Rotting Infinitely Many-armed Bandits
This addresses a theoretical challenge in online learning with non-stationary rewards, providing algorithms for scenarios where arm quality decays, which is incremental as it extends prior bandit models.
The paper tackles the infinitely many-armed bandit problem with rotting rewards, where arm rewards decrease over time, and establishes a worst-case regret lower bound of Ω(max{ϱ^{1/3}T, √T}) and matching upper bounds with algorithms using UCB indices and thresholds.
We consider the infinitely many-armed bandit problem with rotting rewards, where the mean reward of an arm decreases at each pull of the arm according to an arbitrary trend with maximum rotting rate $\varrho=o(1)$. We show that this learning problem has an $Ω(\max\{\varrho^{1/3}T,\sqrt{T}\})$ worst-case regret lower bound where $T$ is the horizon time.

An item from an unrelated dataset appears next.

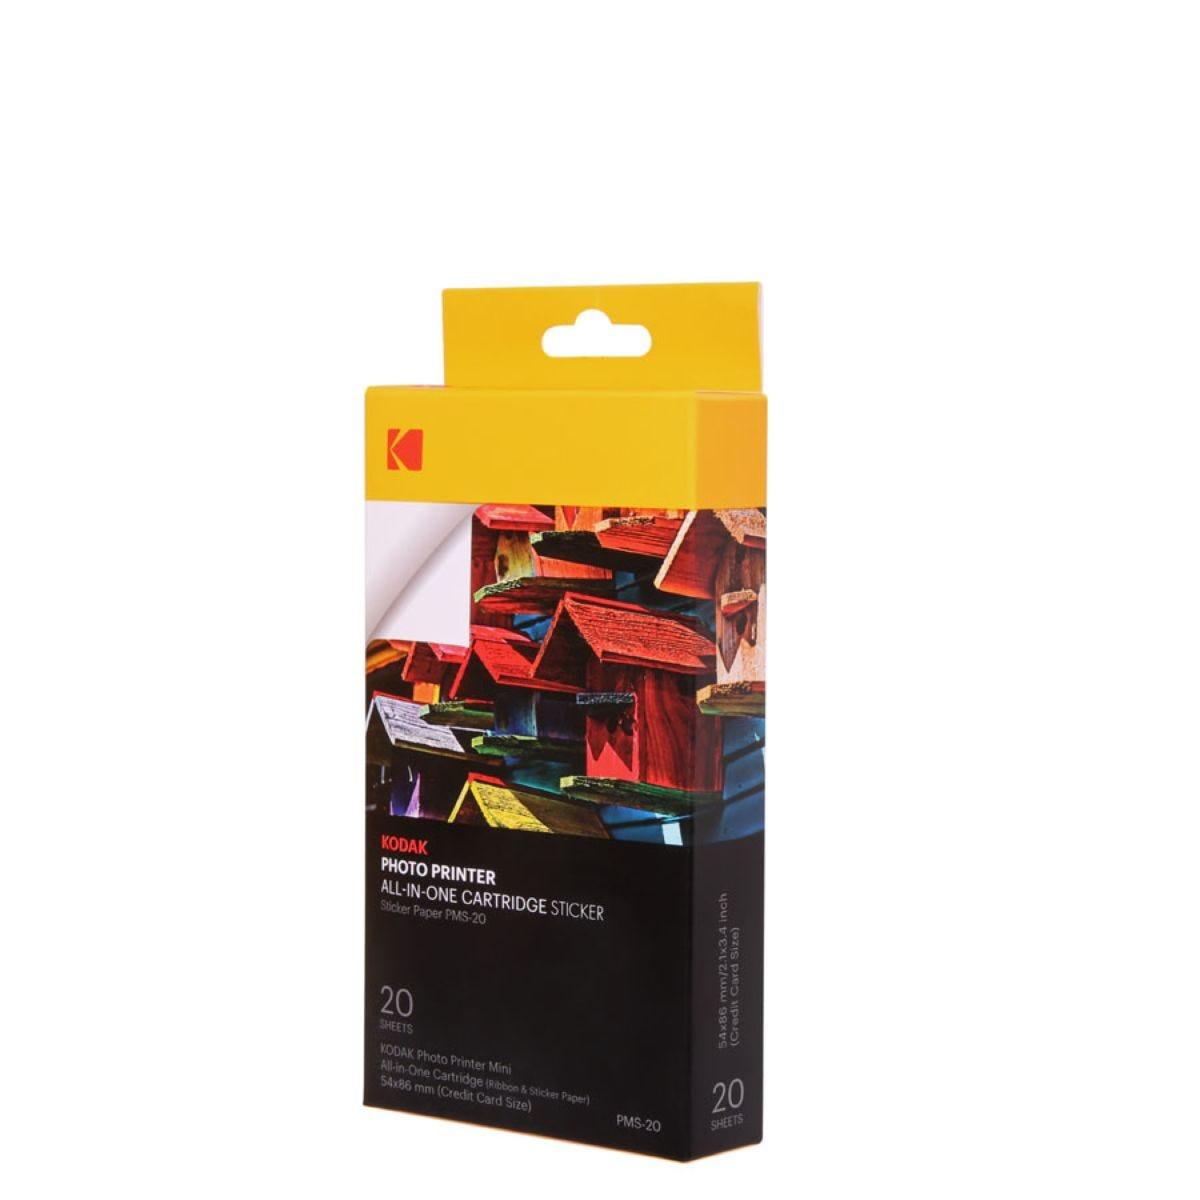 Kodak Mini Photo Printer Cartridge – 20 Pack / Sticky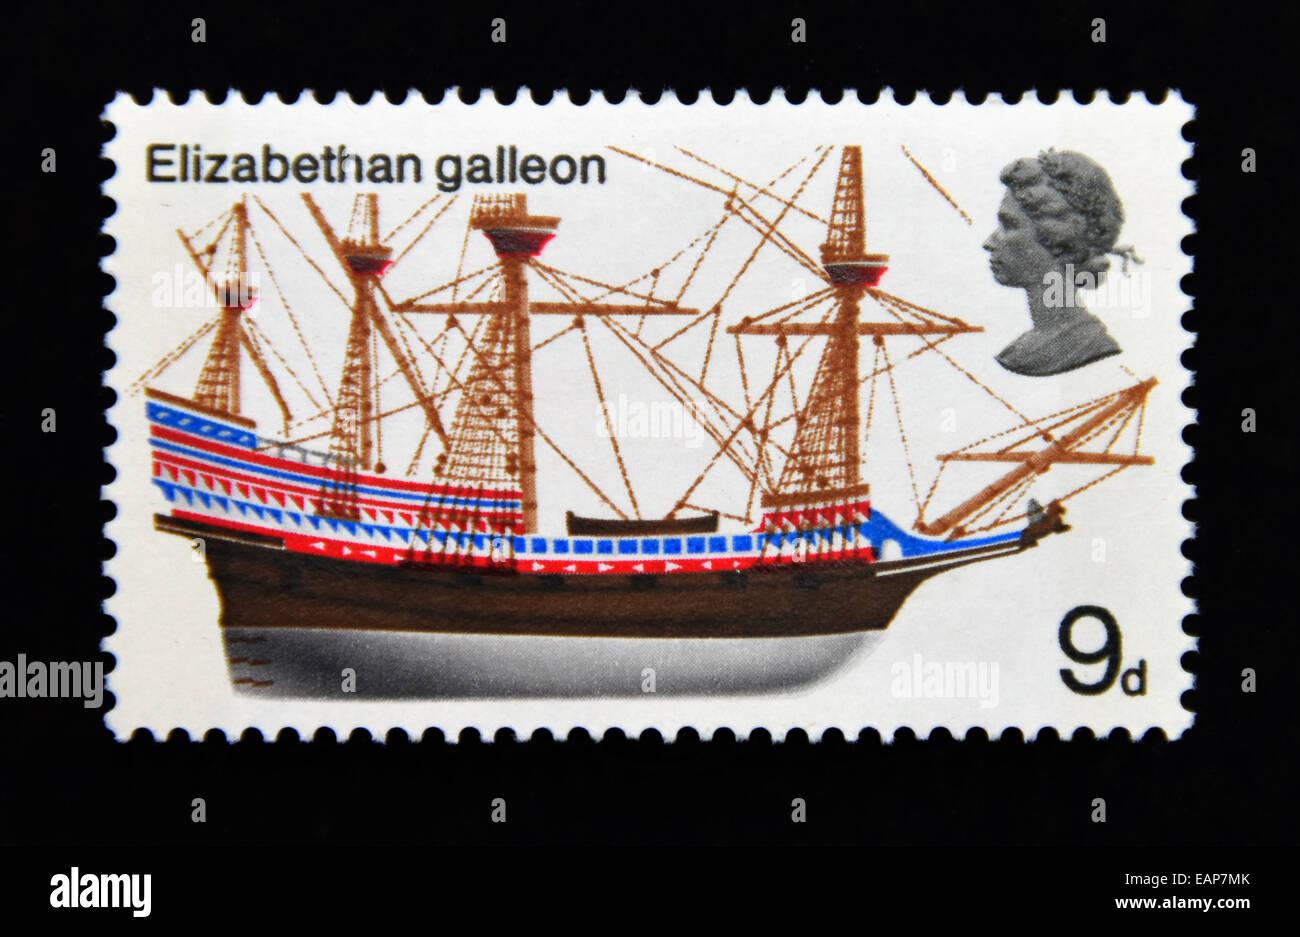 Postage stamp. Great Britain. Queen Elizabeth II. British Ships. 1969. Elizabethan galleon. 9d. - Stock Image

We show that a matching upper bound $\tilde{O}(\max\{\varrho^{1/3}T,\sqrt{T}\})$, up to a poly-logarithmic factor, can be achieved by an algorithm that uses a UCB index for each arm and a threshold value to decide whether to continue pulling an arm or remove the arm from further consideration, when the algorithm knows the value of the maximum rotting rate $\varrho$. We also show that an $\tilde{O}(\max\{\varrho^{1/3}T,T^{3/4}\})$ regret upper bound can be achieved by an algorithm that does not know the value of $\varrho$, by using an adaptive UCB index along with an adaptive threshold value.